Nevertheless, Sami said it was the CCFA in the end who was responsible for getting the Canadian Football-sized football field put in at CAP.

“We helped pay for part of it,” said Sami. “We put the money up to cover the two end zones, but it wasn’t going to go in at first.”

As for the reasons CCFA helped pay for part of the football field, Sami said it fell to two: practicality and a love for Cloverdale and sports.

He said when CAP #1 first went in, it was only the second synthetic field in the city after one in Newton. Back then, in 2002, the city promised to bring football into a stakeholders meeting when the field planning process began, but Sami and CCFA didn’t hear from the city—one day trucks just showed up and started tearing up softball diamond #1 and a farmer’s field. (The new field was part of the expansion of CAP.) When the CCFA finally figured out what was going on, they were in shock.

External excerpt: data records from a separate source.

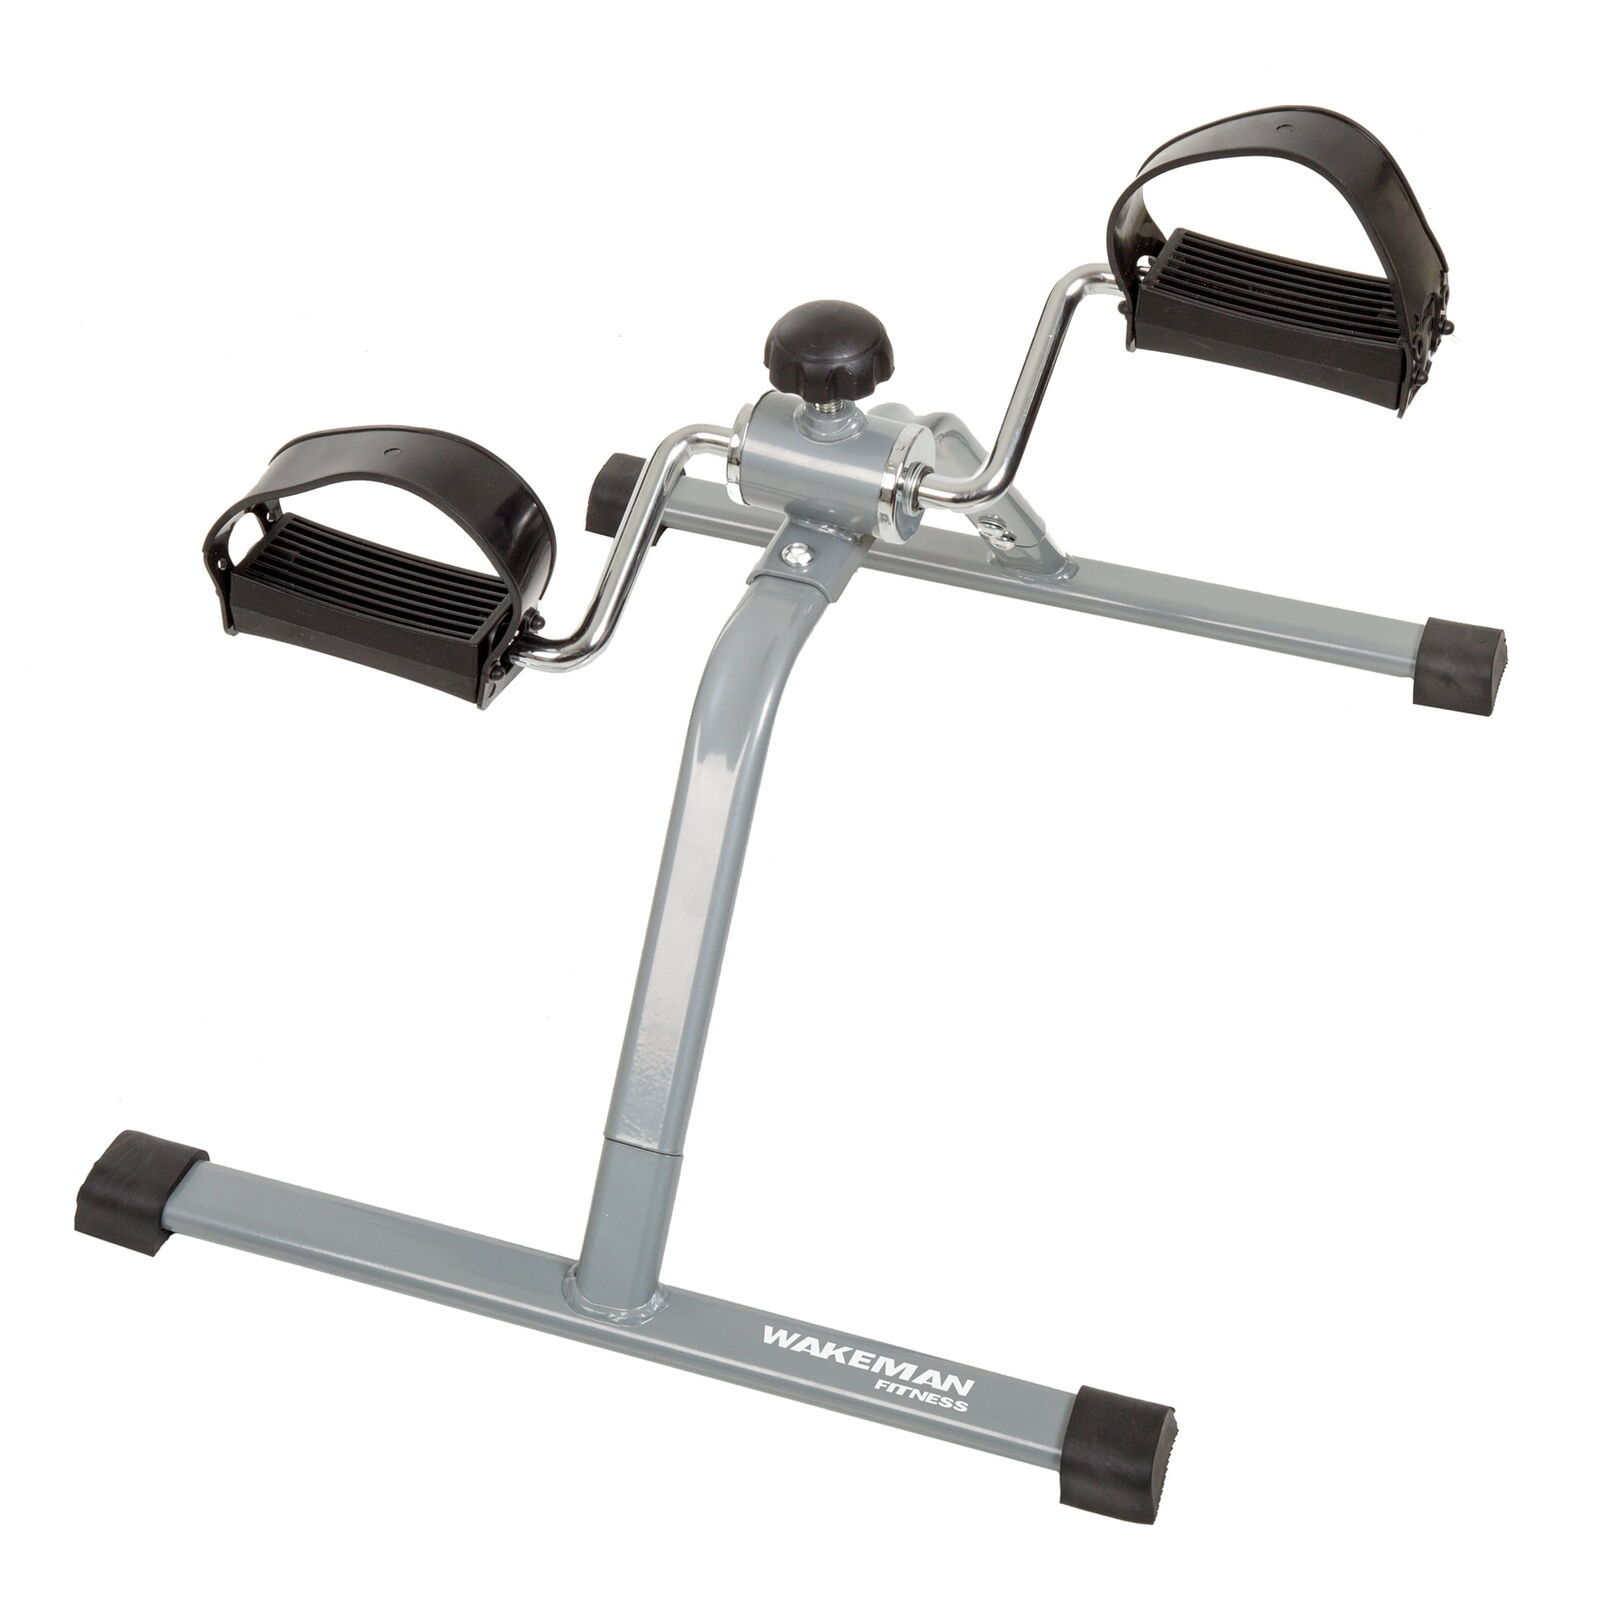 Portable Under Desk Stationary Fitness MachineIndoor Exercise Pedal Machine Bike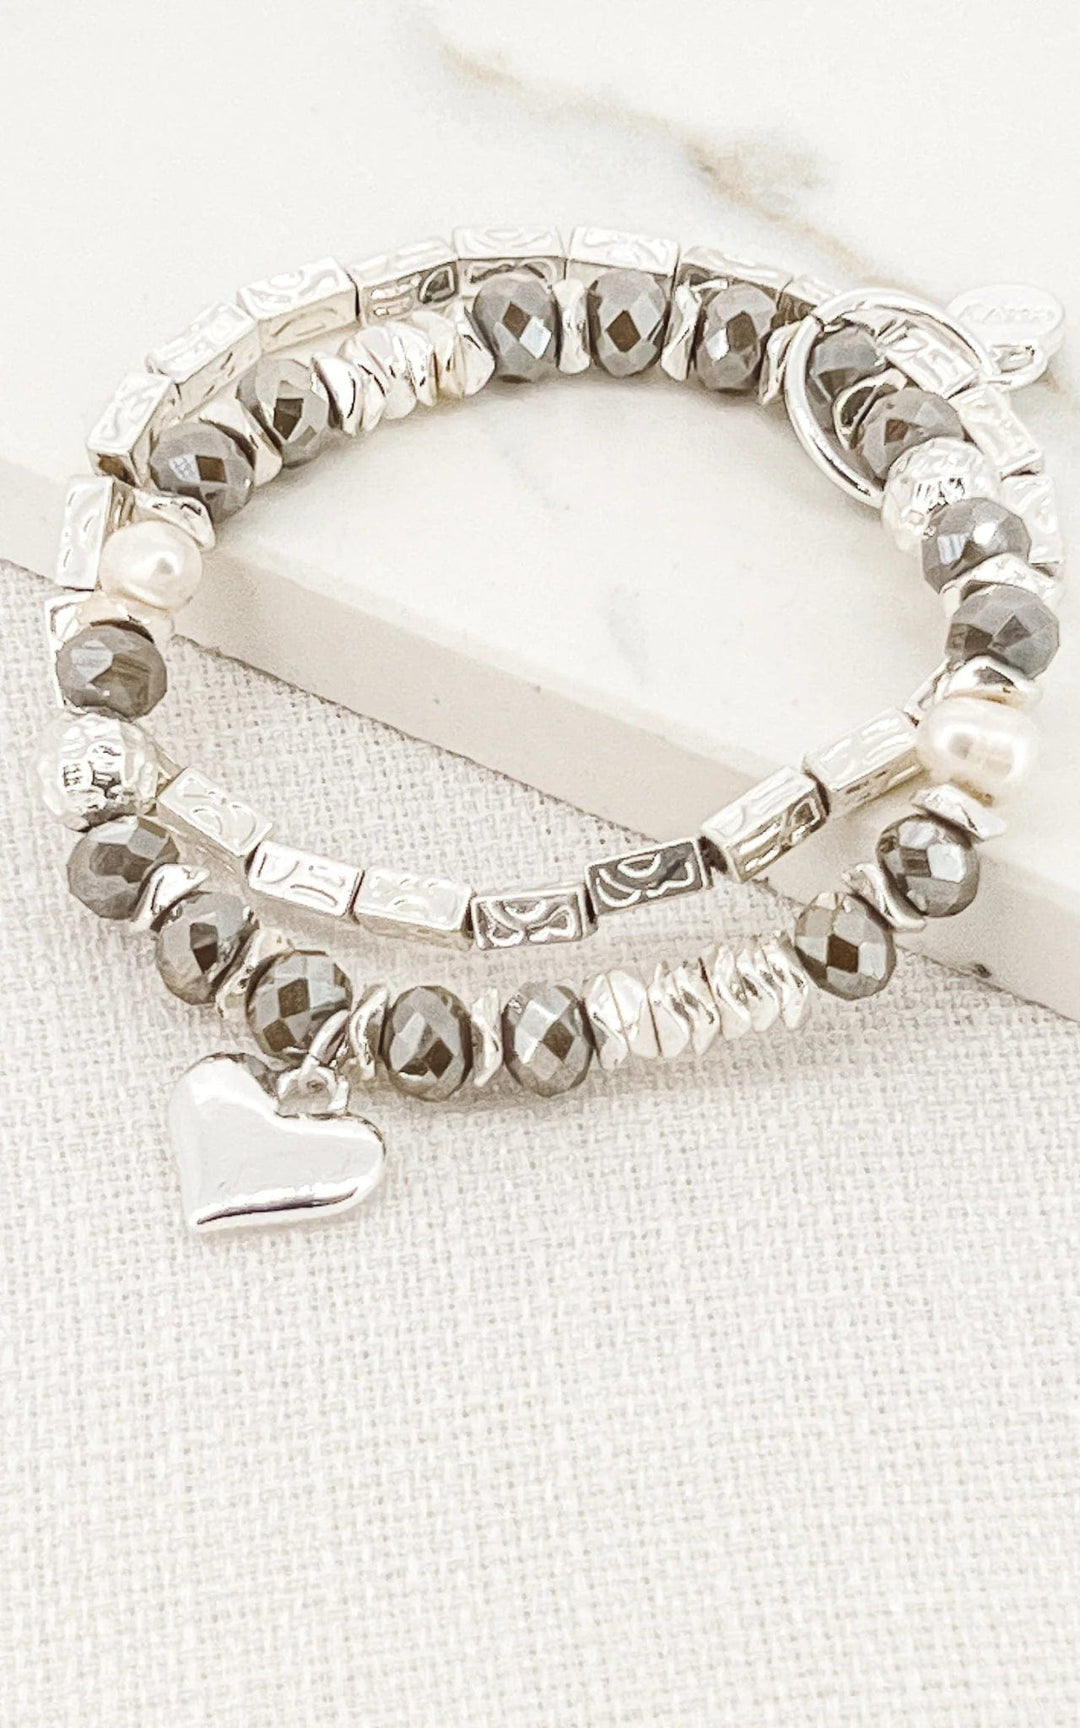 Envy Heart Pendant Bracelet In grey & Silver - Crabtree Cottage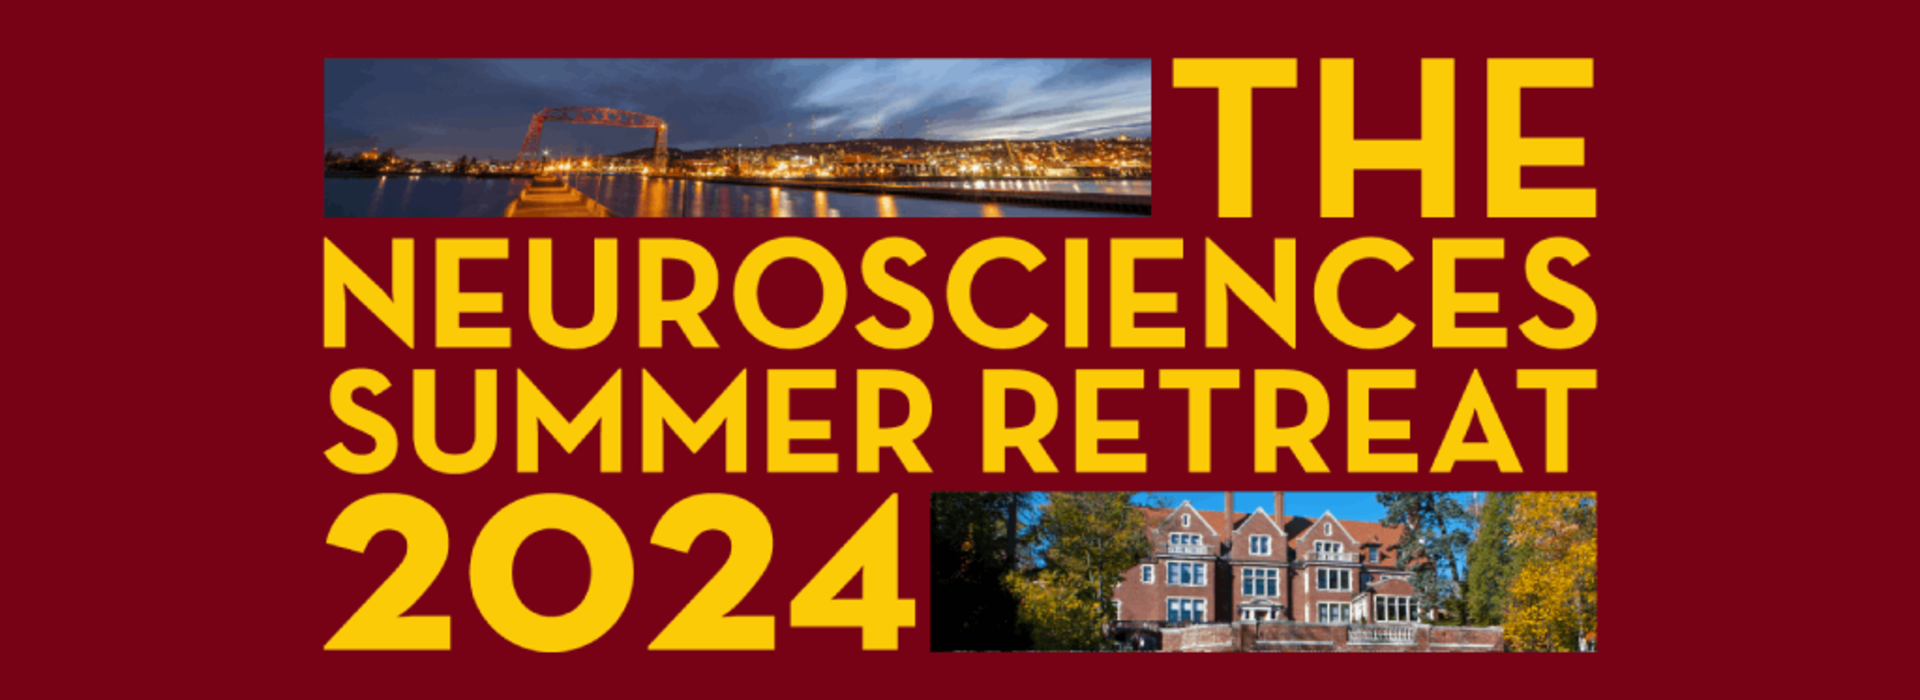 Neurosciences Retreat 2024 banner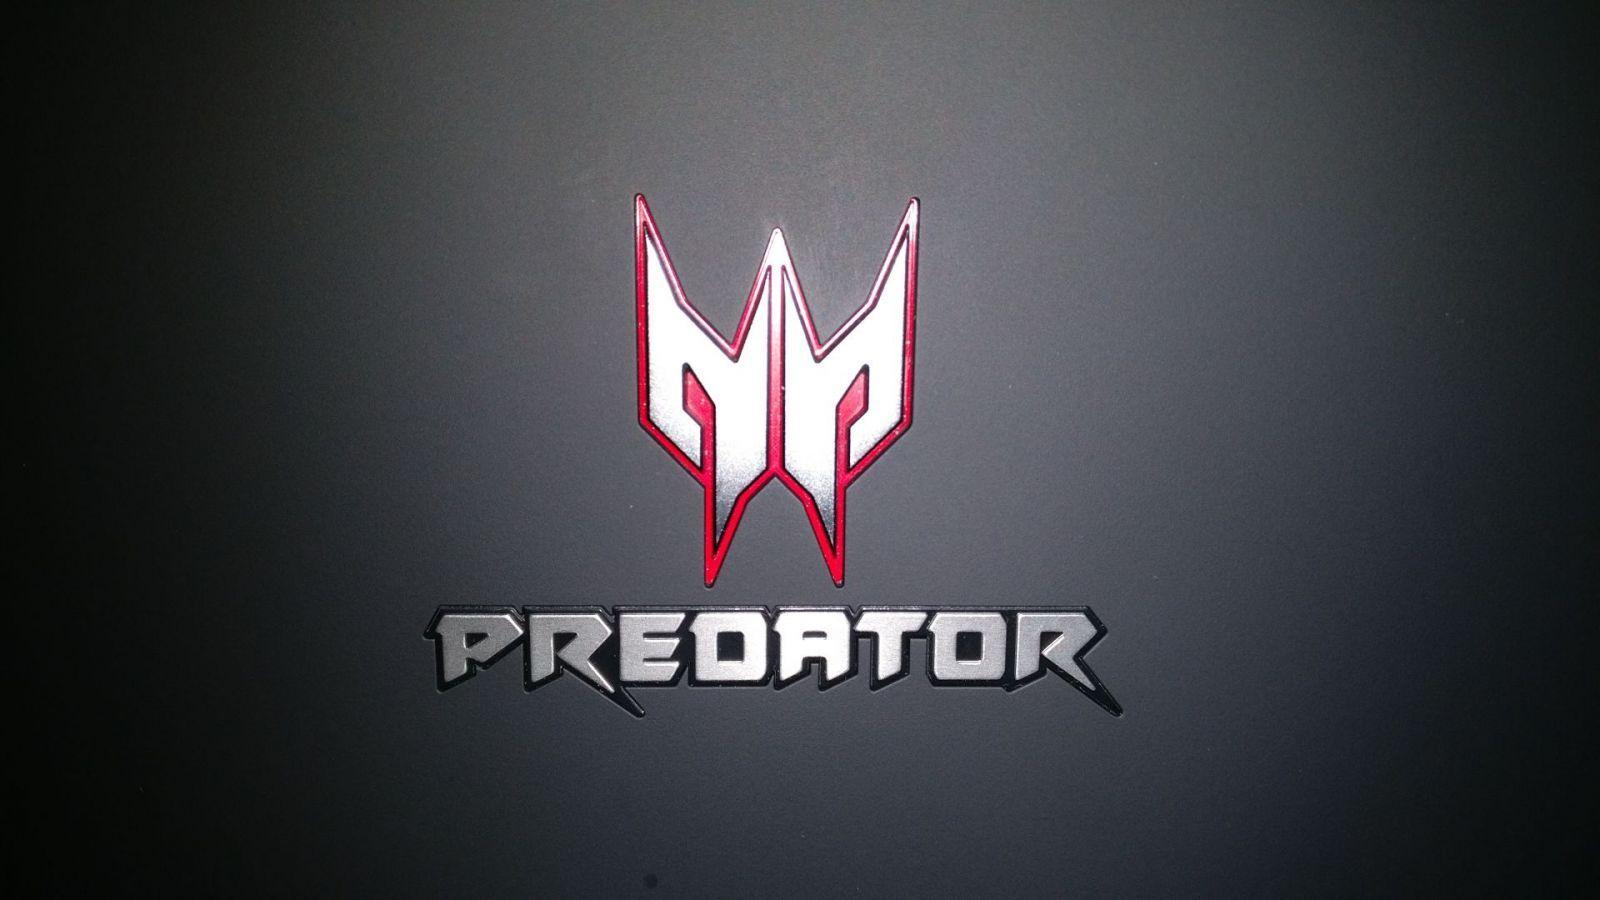 Acer Predator Logo - Acer Predator Wallpapers - Wallpaper Cave

“When I realized they were building an exclusive soccer field, I raised the issue with Parks and Rec.,” remembered Sami. “They said they didn’t have enough money to include football or any other sport in it.”

But Sami was adamant the field was multi-sport and wanted to include field hockey too. He said it was “the right thing to do” for sports in Cloverdale.

Sami said he got nowhere with City of Surrey staffers. Then, after several meetings with the project manager, Sami was told it would cost too much money—$300,000 alone for the underlay—to tack a couple of end zones onto the then exclusive soccer pitch.

Sami then started working the phone. He found a Canadian company, FieldTurf—headquartered in Montreal, that could do the same job for a fraction of the cost. Because of their unique product, FieldTurf did not use a separate, and extremely expensive underlay. At the time, FieldTurf had just put in the new playing surface for the Seattle Seahawks. “If it’s good enough for the NFL, why not Cloverdale?” Sami thought.

He then went to meet with the Parks and Rec. commission. He didn’t get anywhere with the commission either but there were two city councillors on the commission and they told Sami he needed to address mayor and council.

When Sami presented to council, his proposal was well received.

“Mayor and council liked my idea for a multi-sport field,” said Sami. “Once they agreed, they asked if football would pay for the two end zones, and we agreed to pay it.”

The budget for the two end zones? Only about $55,000 for FieldTurf. The CCFA paid it and the Canadian Football-sized field was built.

Today, along with the CCFA, the field is also used by many high schools for Grade 8, junior, and senior football games. Cloverdale’s Lord Tweedsmuir also uses the football field. And teams from Vancouver Island and the Interior use it too. Those teams “meet in the middle” to battle it out in Cloverdale.